上述第二分支用于对输入图像进行全局特征提取；The above-mentioned second branch is used to extract global features from the input image;

上述合并模块用于根据像素位置对上述第一分支和上述第二分支输出的特征进行合并处理，得到全局特征。The above-mentioned merging module is used to merge the features output by the above-mentioned first branch and the above-mentioned second branch according to the pixel position to obtain global features.

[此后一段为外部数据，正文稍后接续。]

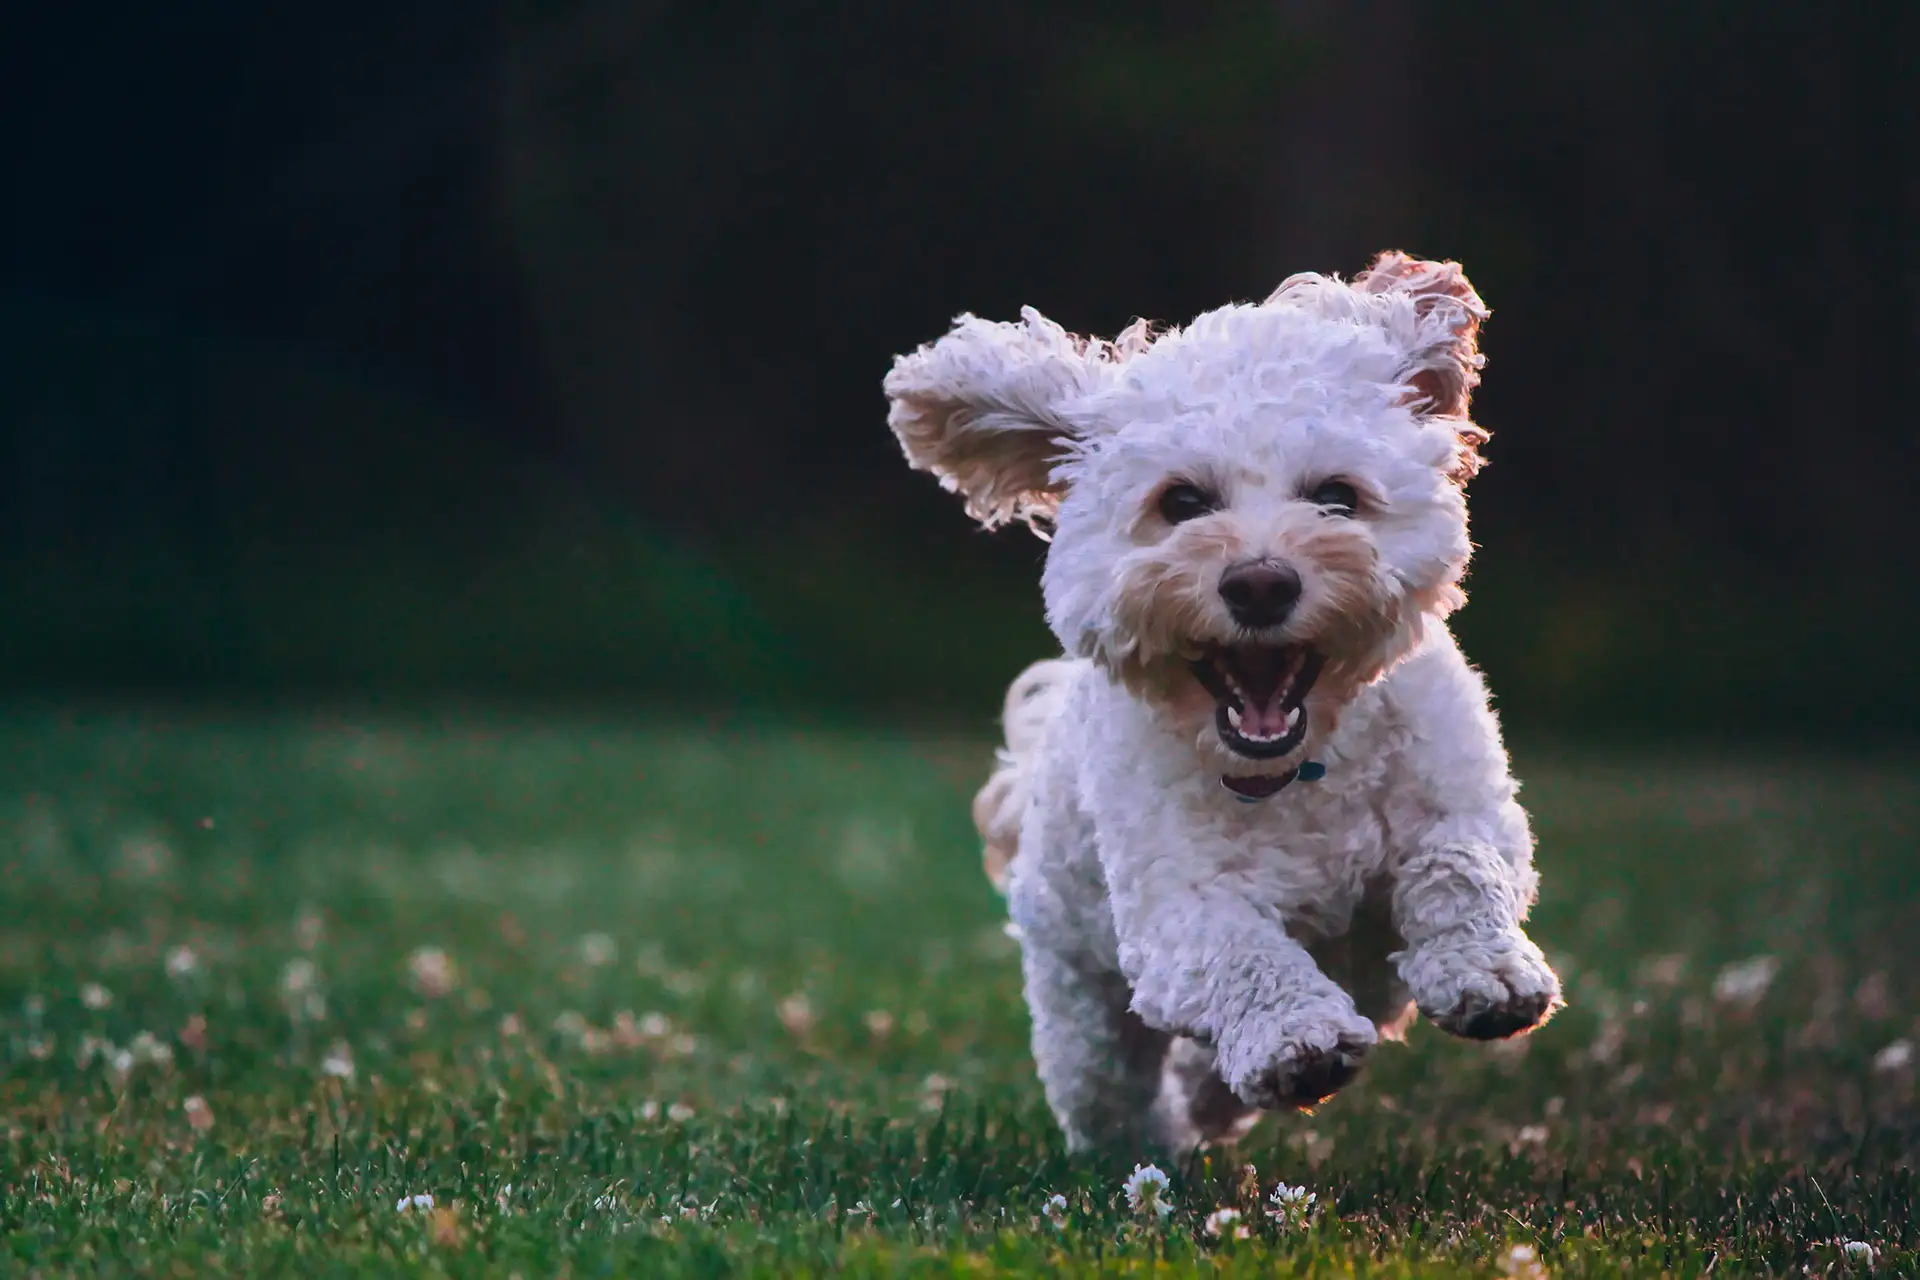 A small white poodle mix running in a grass field

其中，上述第一残差模块和上述第二残差模块是指分别基于上述全局特征子提取模块和上述前馈网络模块采用残差结构，以解决梯度***和网络性能的退化问题。Among them, the above-mentioned first residual module and the above-mentioned second residual module refer to using a residual structure based on the above-mentioned global feature extraction module and the above-mentioned feedforward network module respectively to solve the problem of gradient explosion and network performance degradation.

可选的，上述全局特征提取模块的网络结构如图2所示，将上述第一局部特征图像作为第一残差模块的输入，基于上述全局特征子提取模块的第一分支对输入的第一局部特征图像进行局部特征提取，并基于上述全局特征子提取模块的第二分支对输入的第一局部特征图像进行全局特征提取，通过上述合并模块将上述第一分支和上述第二分支输出的特征进行合并处理，得到待识别图像的全局特征。Optionally, the network structure of the above-mentioned global feature extraction module is shown in Figure 2. The above-mentioned first local feature image is used as the input of the first residual module, and the first branch of the above-mentioned global feature sub-extraction module is used to input the first Perform local feature extraction on the local feature image, and perform global feature extraction on the input first local feature image based on the second branch of the above-mentioned global feature sub-extraction module, and use the above-mentioned merging module to combine the features output by the above-mentioned first branch and the above-mentioned second branch. Perform merging processing to obtain the global features of the image to be recognized.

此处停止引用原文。